Problem details. Beneath this instruction is a block of data; output from it exactly the lines that run from the one containing "The spiritual process" through the one containing "Gengar V 156/264", inclusive.

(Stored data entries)
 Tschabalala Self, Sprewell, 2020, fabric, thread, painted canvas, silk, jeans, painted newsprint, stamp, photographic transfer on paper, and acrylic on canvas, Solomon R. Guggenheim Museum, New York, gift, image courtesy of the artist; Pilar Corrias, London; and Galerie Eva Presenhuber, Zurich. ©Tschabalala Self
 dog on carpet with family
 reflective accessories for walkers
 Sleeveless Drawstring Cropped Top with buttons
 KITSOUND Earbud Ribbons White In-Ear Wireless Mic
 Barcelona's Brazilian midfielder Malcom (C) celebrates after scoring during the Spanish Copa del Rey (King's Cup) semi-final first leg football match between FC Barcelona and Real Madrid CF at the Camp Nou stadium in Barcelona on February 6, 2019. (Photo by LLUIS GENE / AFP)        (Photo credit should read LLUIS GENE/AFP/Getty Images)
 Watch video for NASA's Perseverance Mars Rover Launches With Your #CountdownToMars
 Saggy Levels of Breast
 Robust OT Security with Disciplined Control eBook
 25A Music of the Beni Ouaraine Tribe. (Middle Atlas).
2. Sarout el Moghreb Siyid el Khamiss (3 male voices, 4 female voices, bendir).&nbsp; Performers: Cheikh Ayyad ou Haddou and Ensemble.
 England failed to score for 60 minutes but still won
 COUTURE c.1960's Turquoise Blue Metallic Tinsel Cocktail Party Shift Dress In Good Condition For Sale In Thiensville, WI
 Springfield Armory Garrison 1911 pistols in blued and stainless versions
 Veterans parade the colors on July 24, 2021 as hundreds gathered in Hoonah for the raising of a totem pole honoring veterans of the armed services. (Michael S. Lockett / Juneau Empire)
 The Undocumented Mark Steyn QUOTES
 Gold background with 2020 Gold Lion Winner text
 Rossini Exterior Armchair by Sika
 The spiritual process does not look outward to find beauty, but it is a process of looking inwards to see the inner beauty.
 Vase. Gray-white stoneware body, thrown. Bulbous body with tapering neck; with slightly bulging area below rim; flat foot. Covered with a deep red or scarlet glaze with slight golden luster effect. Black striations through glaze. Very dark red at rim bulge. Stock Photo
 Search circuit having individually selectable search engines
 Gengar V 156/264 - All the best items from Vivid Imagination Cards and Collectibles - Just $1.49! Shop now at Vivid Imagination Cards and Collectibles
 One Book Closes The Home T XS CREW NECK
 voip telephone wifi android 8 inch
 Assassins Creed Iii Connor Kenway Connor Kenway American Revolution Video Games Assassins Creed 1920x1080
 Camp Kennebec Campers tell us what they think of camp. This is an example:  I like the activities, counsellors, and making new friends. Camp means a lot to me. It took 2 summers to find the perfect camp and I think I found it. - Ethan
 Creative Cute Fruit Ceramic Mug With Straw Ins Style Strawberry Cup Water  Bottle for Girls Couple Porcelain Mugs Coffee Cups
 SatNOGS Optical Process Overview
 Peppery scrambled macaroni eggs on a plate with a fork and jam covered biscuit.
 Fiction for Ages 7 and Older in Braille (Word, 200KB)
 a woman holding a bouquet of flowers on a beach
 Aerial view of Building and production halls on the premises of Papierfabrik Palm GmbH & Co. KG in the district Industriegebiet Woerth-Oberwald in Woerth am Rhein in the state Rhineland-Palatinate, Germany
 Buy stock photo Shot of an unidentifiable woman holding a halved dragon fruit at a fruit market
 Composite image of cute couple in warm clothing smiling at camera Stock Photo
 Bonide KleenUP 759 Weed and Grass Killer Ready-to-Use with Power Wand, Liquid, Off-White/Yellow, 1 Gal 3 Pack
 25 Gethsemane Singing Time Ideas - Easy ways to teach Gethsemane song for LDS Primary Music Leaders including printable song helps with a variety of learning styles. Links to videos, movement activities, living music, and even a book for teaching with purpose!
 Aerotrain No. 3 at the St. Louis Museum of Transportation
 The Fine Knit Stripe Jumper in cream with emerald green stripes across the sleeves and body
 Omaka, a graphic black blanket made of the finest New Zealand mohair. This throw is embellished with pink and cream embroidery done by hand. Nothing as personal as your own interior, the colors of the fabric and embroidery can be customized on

Solution to this task.
 The spiritual process does not look outward to find beauty, but it is a process of looking inwards to see the inner beauty.
 Vase. Gray-white stoneware body, thrown. Bulbous body with tapering neck; with slightly bulging area below rim; flat foot. Covered with a deep red or scarlet glaze with slight golden luster effect. Black striations through glaze. Very dark red at rim bulge. Stock Photo
 Search circuit having individually selectable search engines
 Gengar V 156/264 - All the best items from Vivid Imagination Cards and Collectibles - Just $1.49! Shop now at Vivid Imagination Cards and Collectibles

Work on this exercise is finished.